Germany's economic confidence rose significantly this month to the strongest level since April 2010 on hopes of the situation improving over the coming months, data from the Center for European Economic Research/ZEW showed Tuesday.
The ZEW Indicator of Economic Sentiment rose 16.7 points to 48.2 in February. This was the third consecutive increase and the reading far exceeded the consensus forecast of 35.
Meanwhile, the assessment of the current economic situation dropped 1.9 points to 5.2 points.

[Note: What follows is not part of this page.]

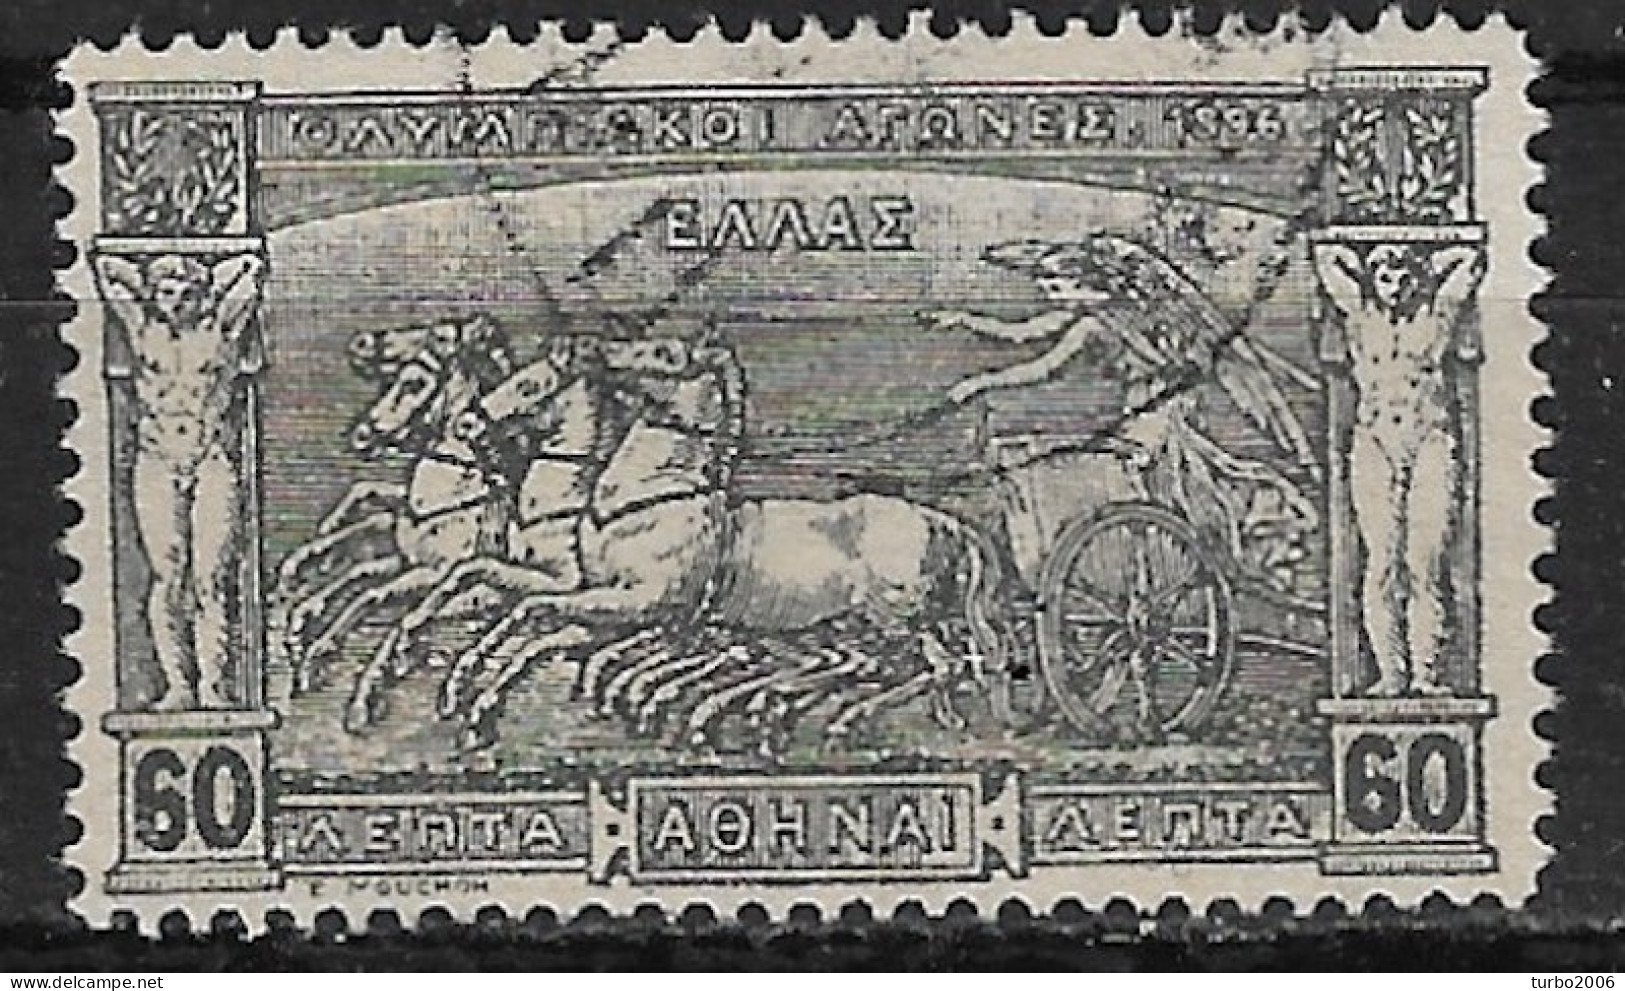 GREECE 1896 First Olympic Games 60 Lepta Black Vl. 140 Interesting Classic Forgery With Fake Cancellation ΠΑΤΡΑΙ - Used Stamps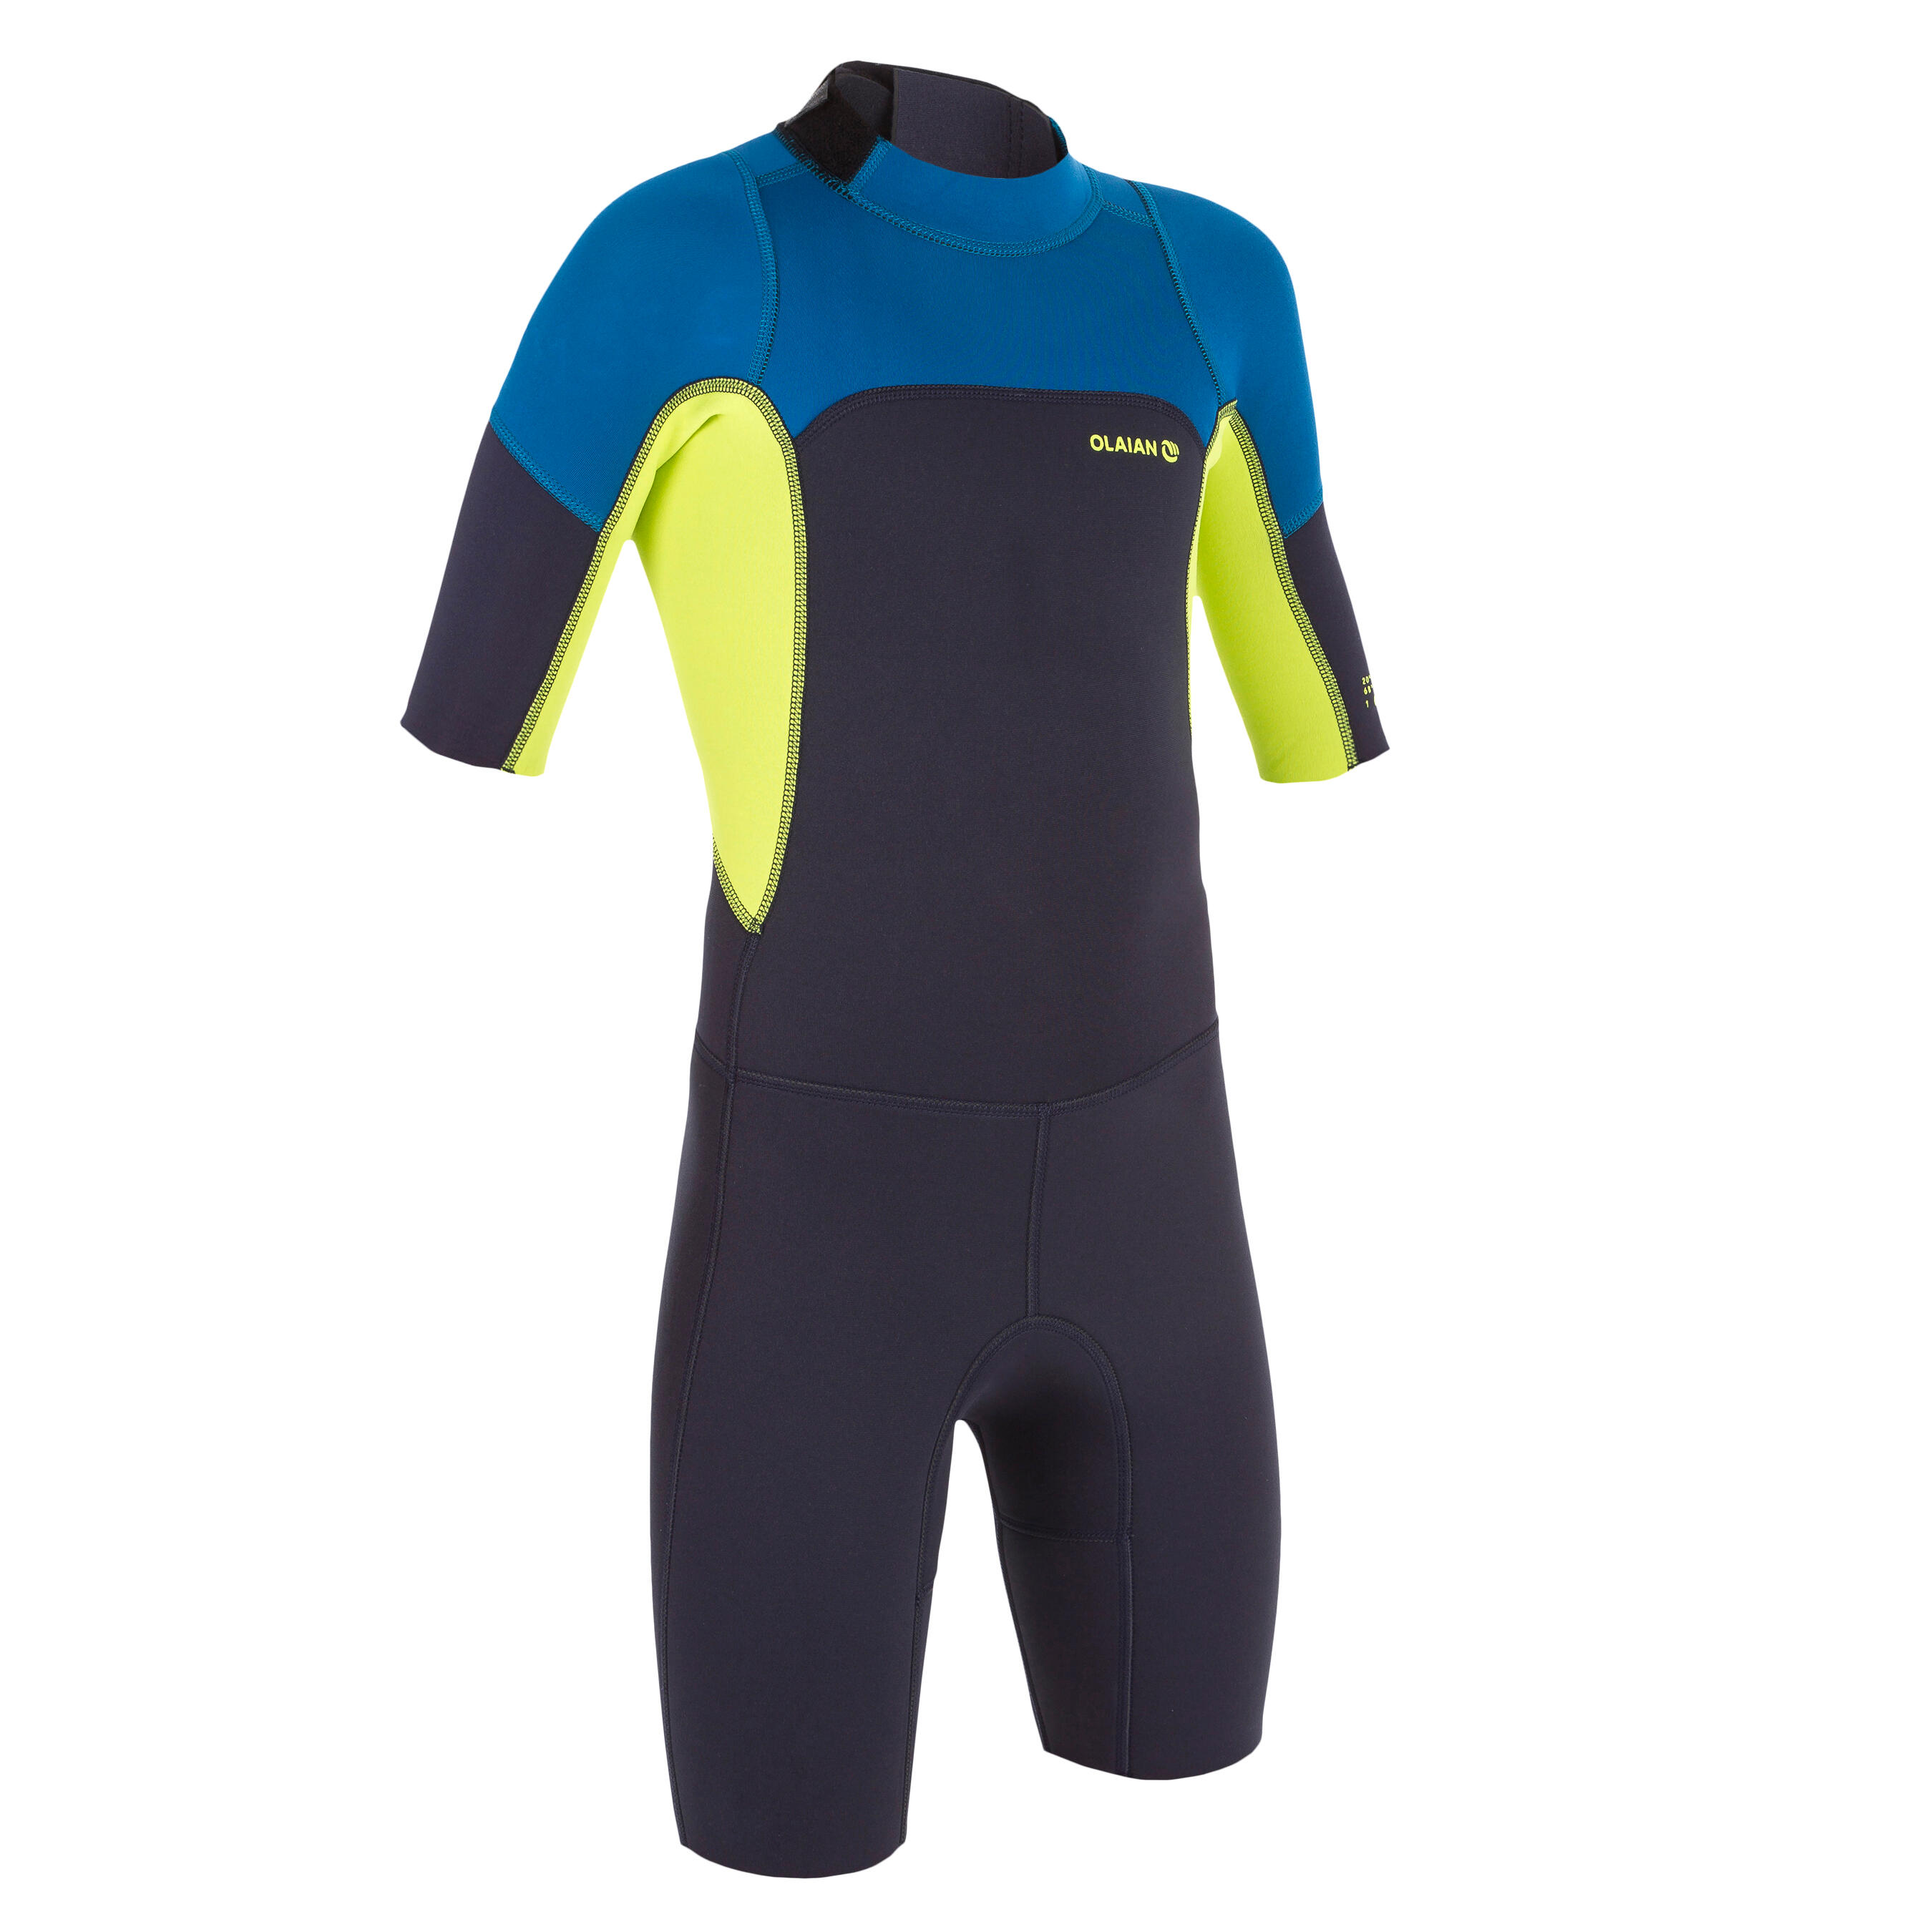 OLAIAN 500 child's 2mm stretch neoprene navy blue yellow Shorty Surfing wetsuit

Economists say the ZEW index has hardly correlated with GDP growth, in the past.
In the opinion of financial market experts, the German economy faces less headwinds from the euro crisis than throughout the last months, ZEW President Wolfgang Franz said.
"If this situation remains unchanged during the next months, German business activity may pick up speed moderately," he added.
At the same time, economic expectations for the euro area climbed 11.2 to 42.4 in February and the indicator for the current situation remained almost unchanged at -75.6.
Bundesbank expects the German economy to return to growth in the first quarter and sees 0.4 percent expansion for the whole of 2013.
The largest Eurozone economy contracted 0.6 percent in the final quarter of 2012. As unresolved debt crisis took its toll even on Germany, the 17-nation currency bloc moved deeper into recession at the end of 2012.
Eurozone GDP shrunk 0.6 percent in the fourth quarter, the most since the first quarter of 2009. European Central Bank President Mario Draghi on Monday said he expects economic weakness in the early part of 2013 to be followed by a very gradual recovery later in the year.
Draghi warned against keeping interest rate at a low level for a protracted period, saying that this may create a number of challenges.
Even if the real economy only lives up to half the expectations recently created by soft indicators, any fears of a technical recession should turn out to have been unjustified, ING Bank NV's economist Carsten Brzeski said.
With Draghi's words yet to be followed up with actions and political risks in Italy growing, Jennifer McKeown at Capital Economics said she fears that investor sentiment might weaken again before long.